WHAT THE TASK REQUIRES: Begin at the line that contains "10 Ideal Small" and reproduce it along with every line after it to the end of the listing; skip any pictures.
-------- DATA EXTRACT --------
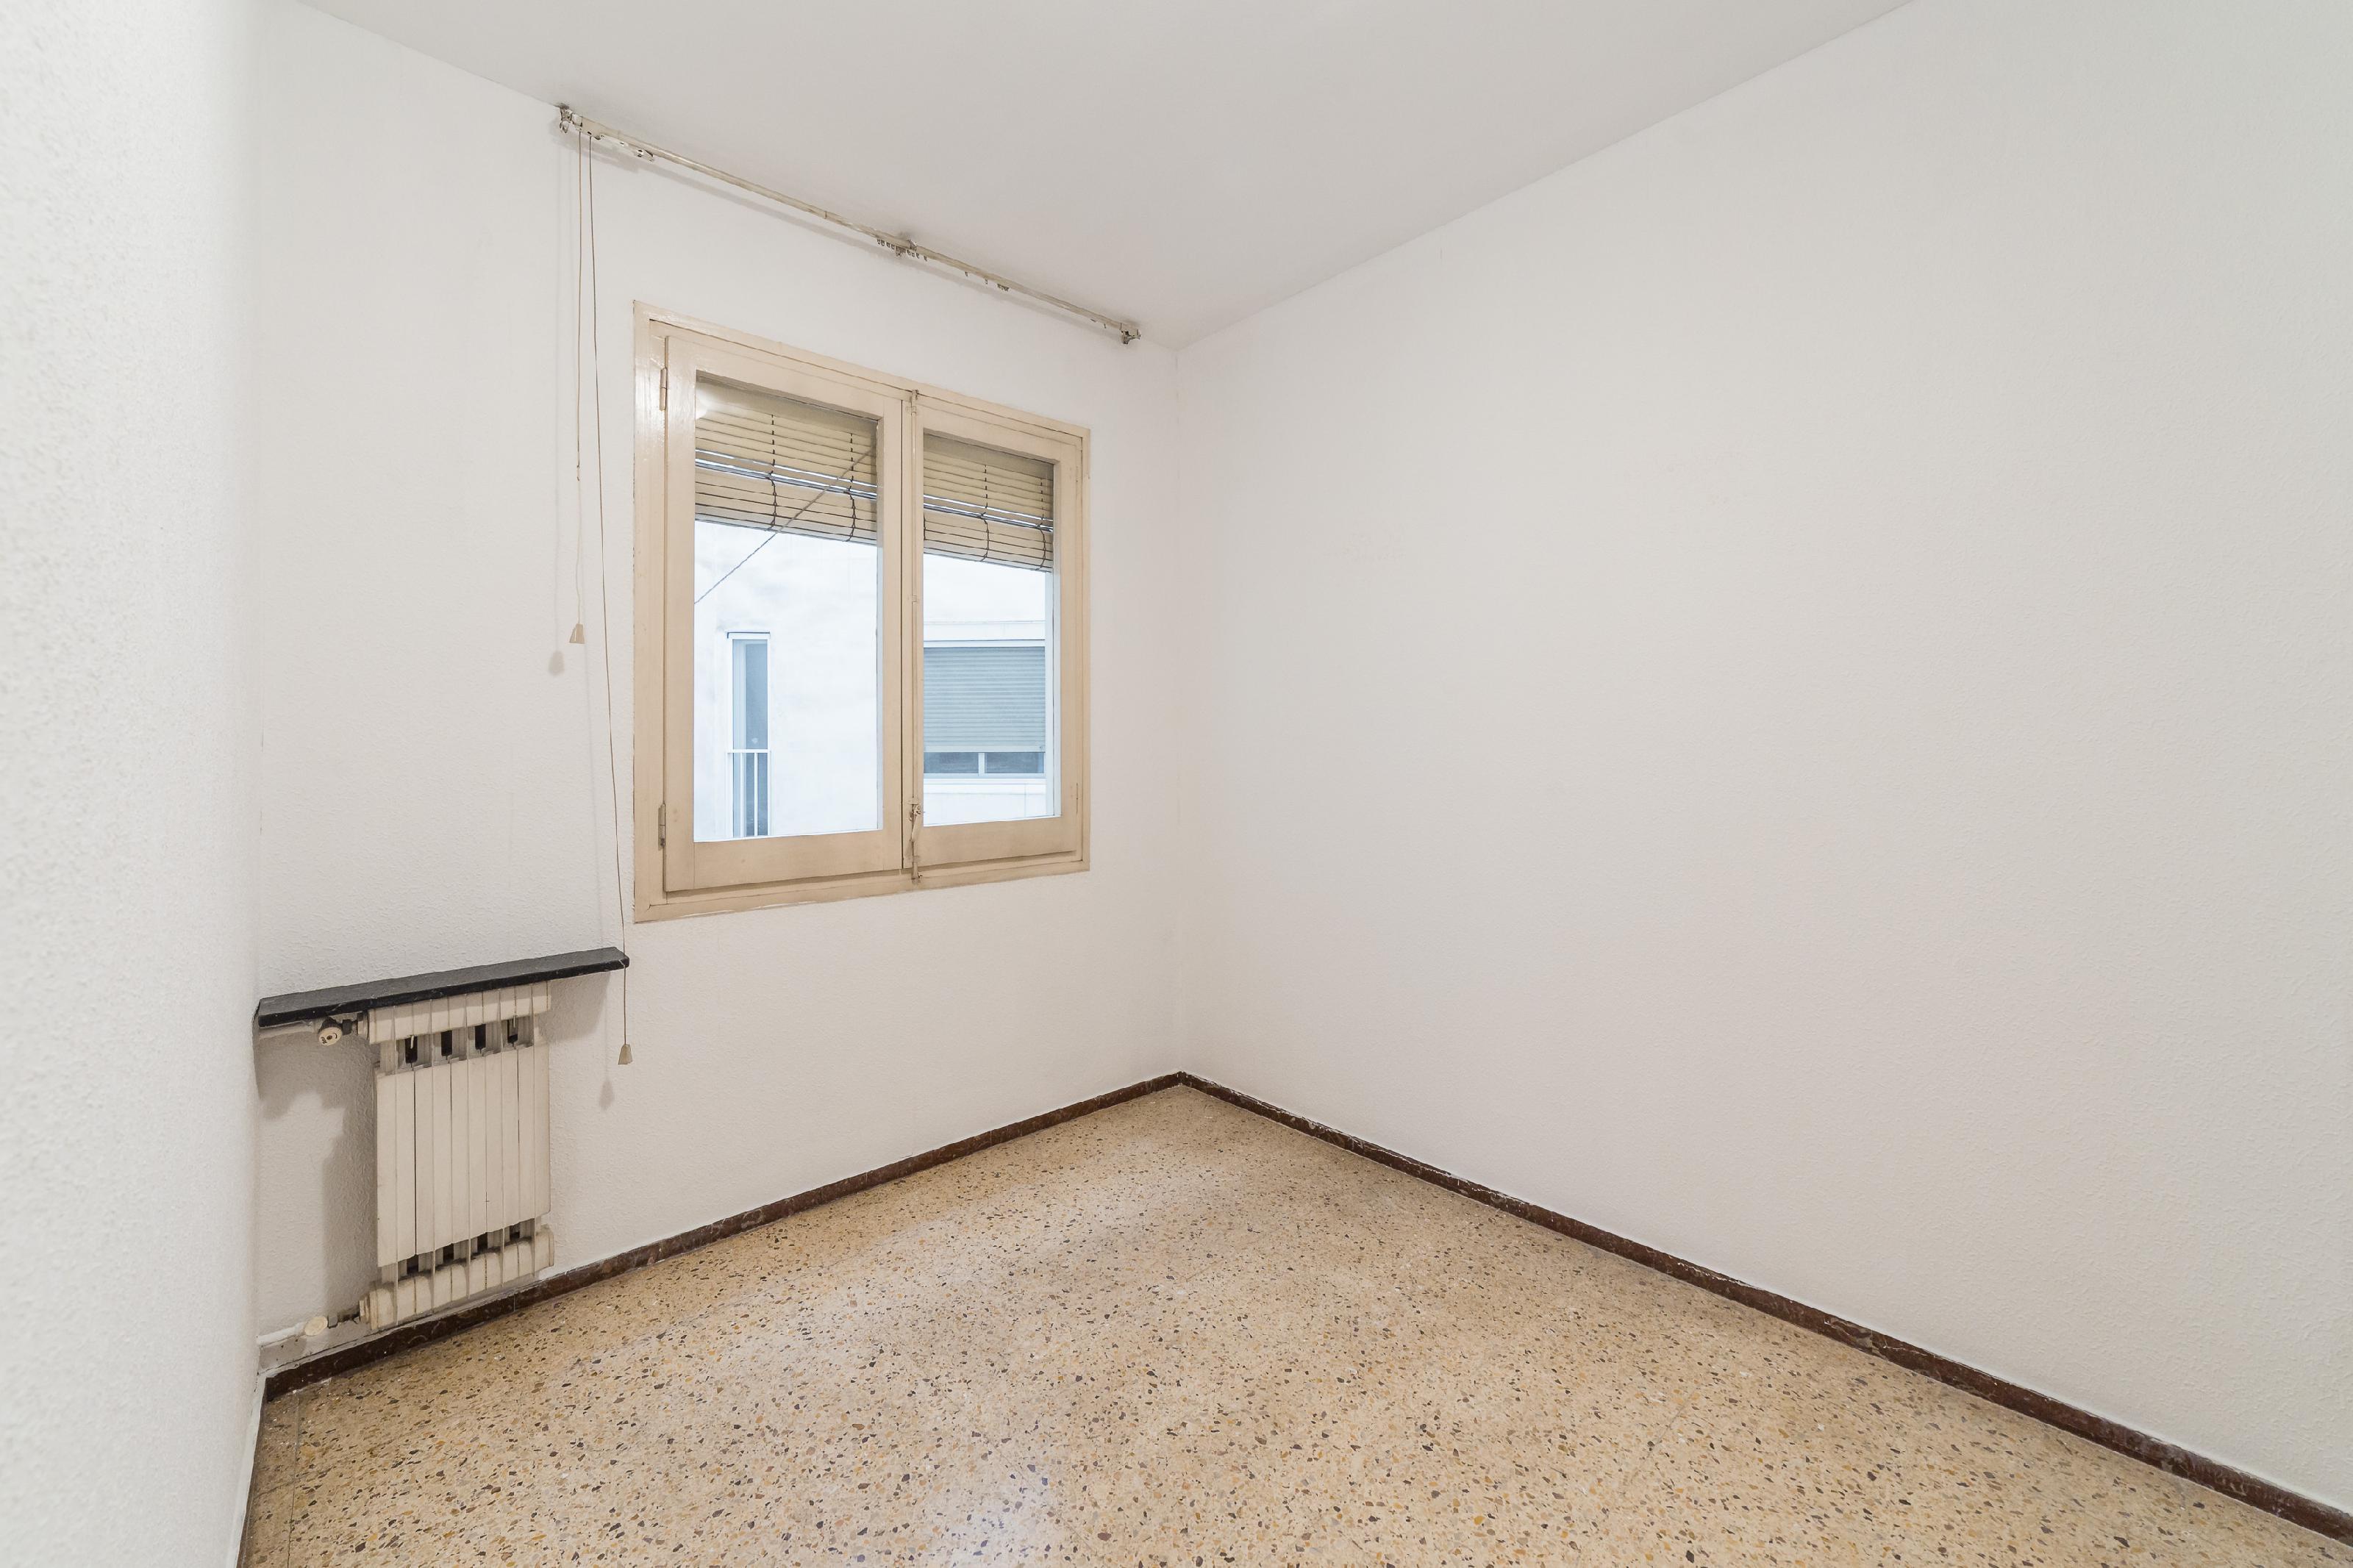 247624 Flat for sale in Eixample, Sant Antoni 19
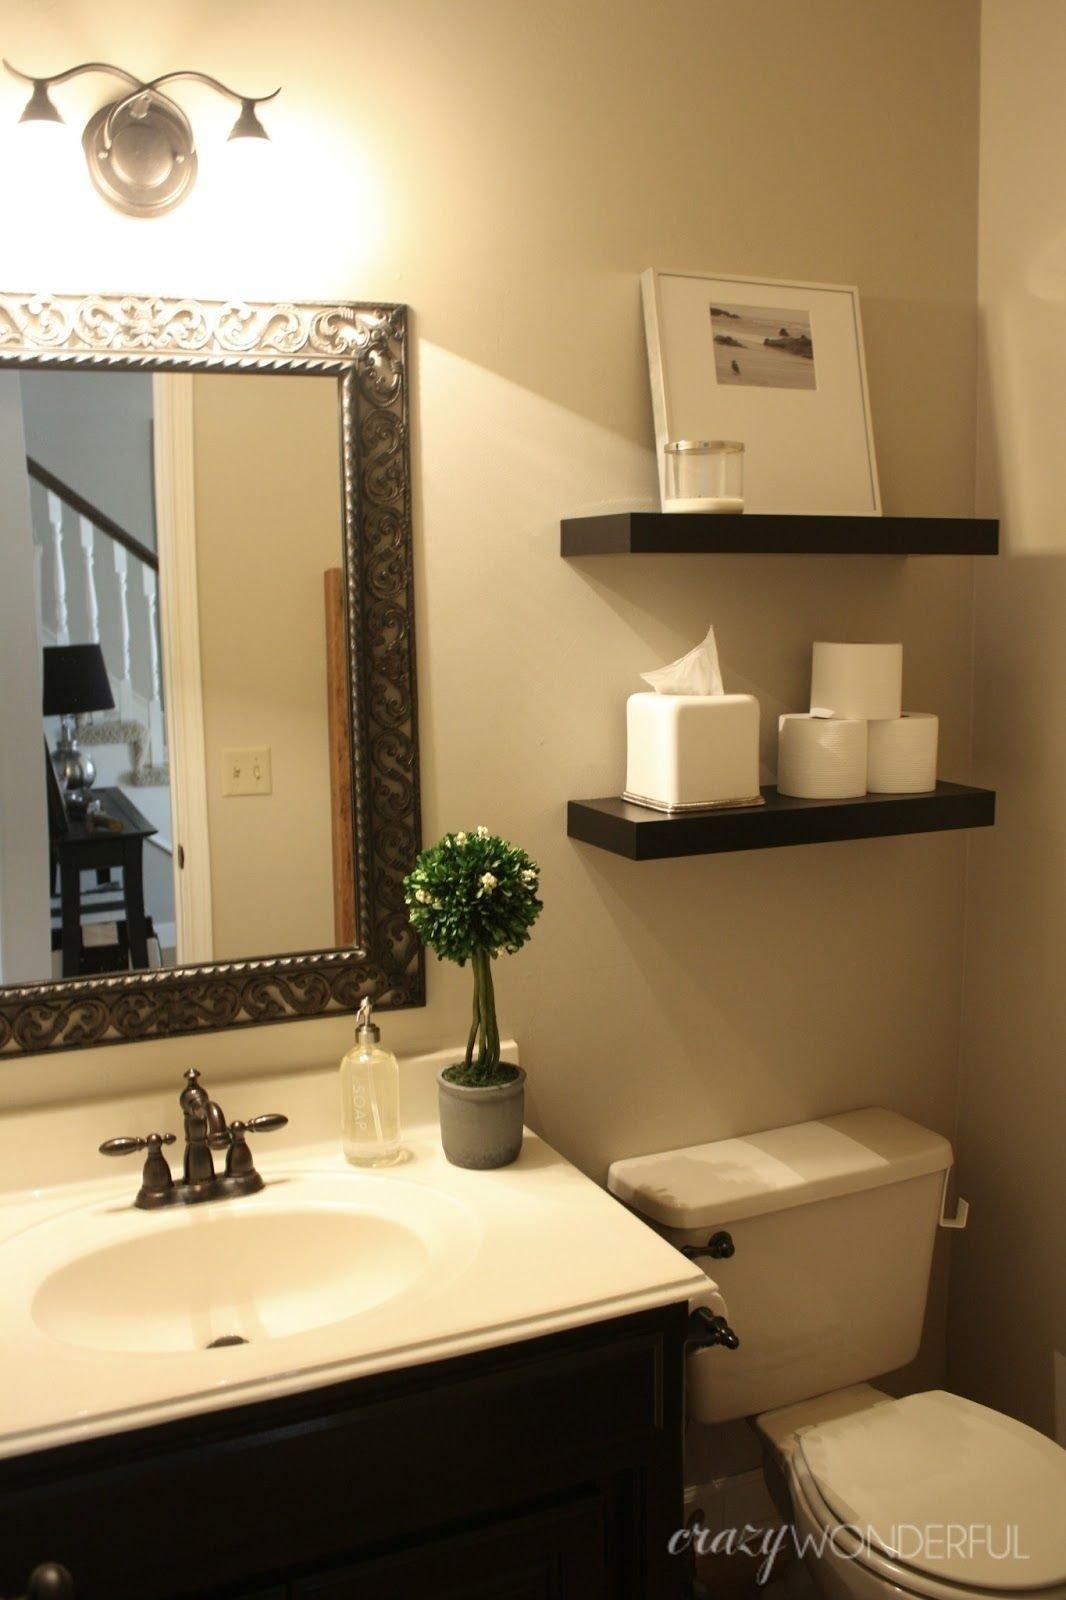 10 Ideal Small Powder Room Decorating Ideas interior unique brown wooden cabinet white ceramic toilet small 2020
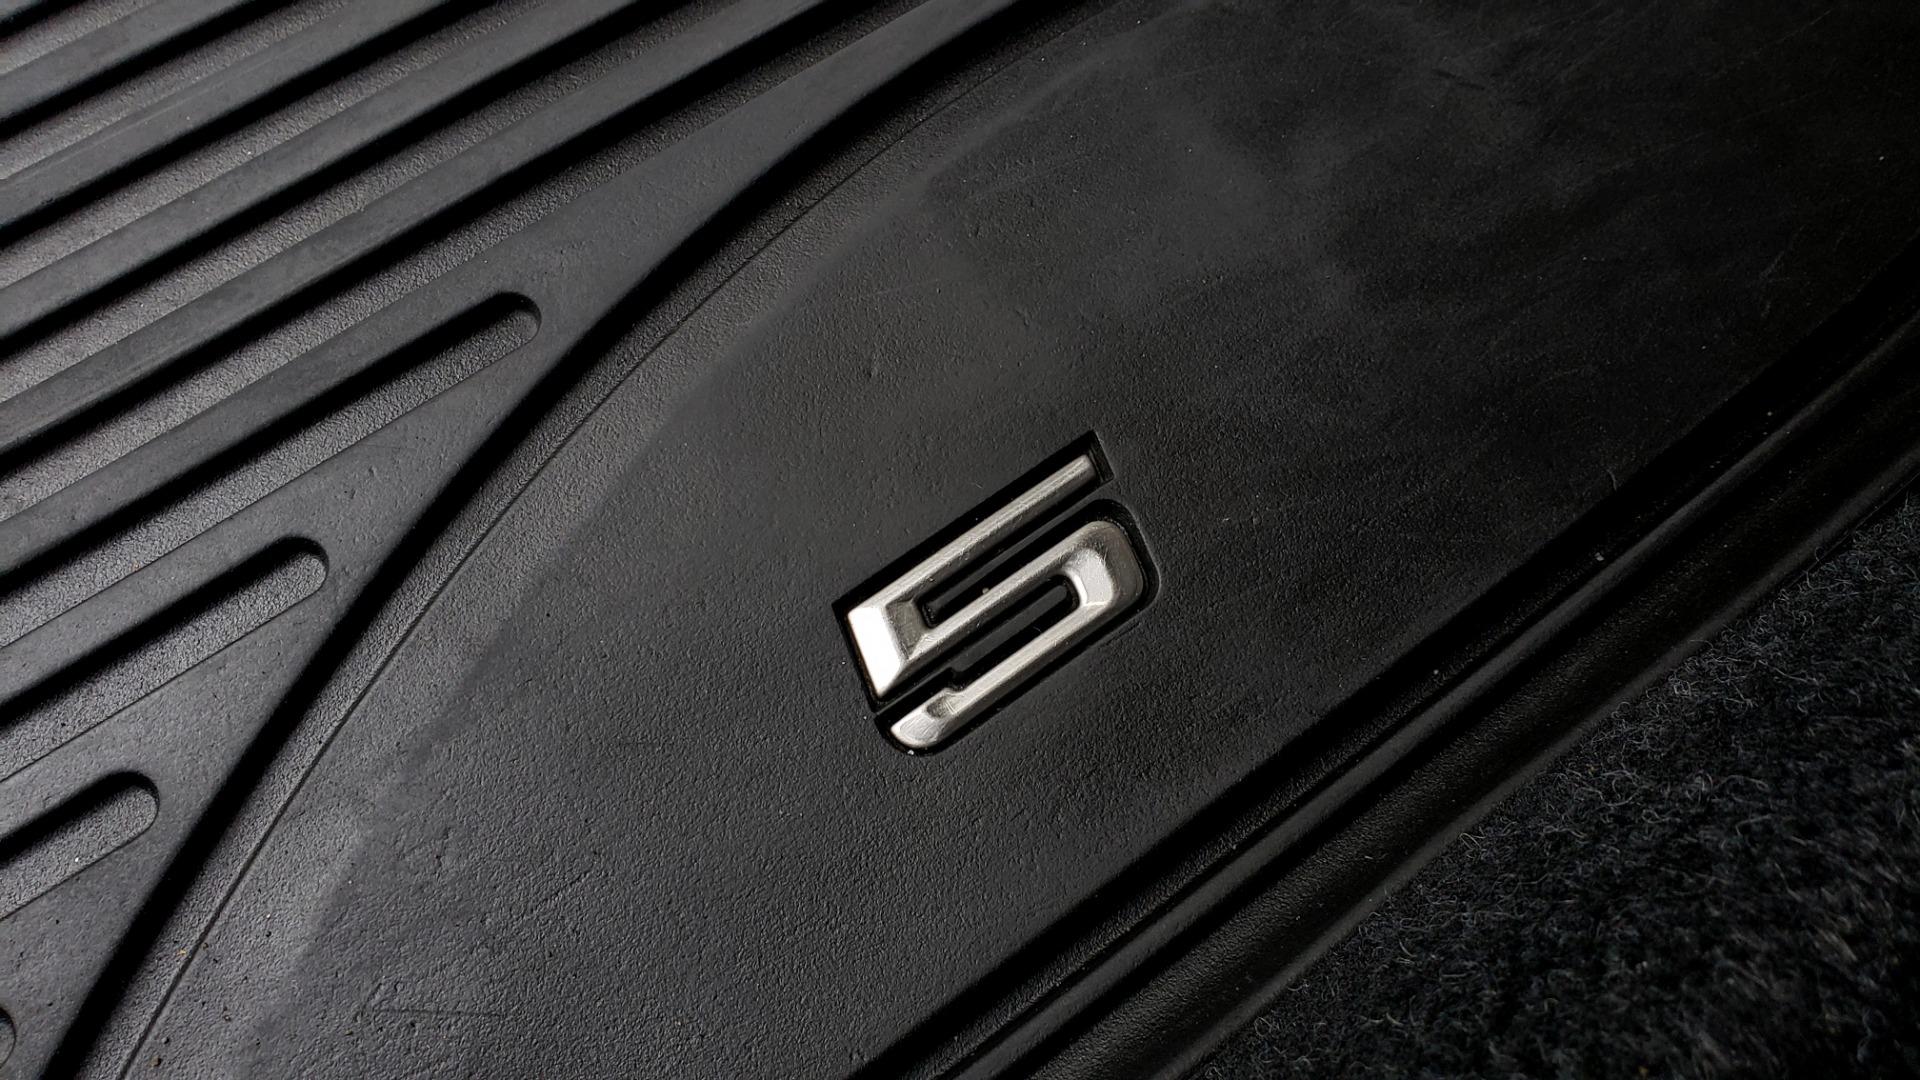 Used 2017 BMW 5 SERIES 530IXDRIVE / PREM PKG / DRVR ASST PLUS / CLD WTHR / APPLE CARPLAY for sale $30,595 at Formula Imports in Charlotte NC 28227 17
--------
TASK OUTPUT:
 10 Ideal Small Powder Room Decorating Ideas interior unique brown wooden cabinet white ceramic toilet small 2020
 Used 2017 BMW 5 SERIES 530IXDRIVE / PREM PKG / DRVR ASST PLUS / CLD WTHR / APPLE CARPLAY for sale $30,595 at Formula Imports in Charlotte NC 28227 17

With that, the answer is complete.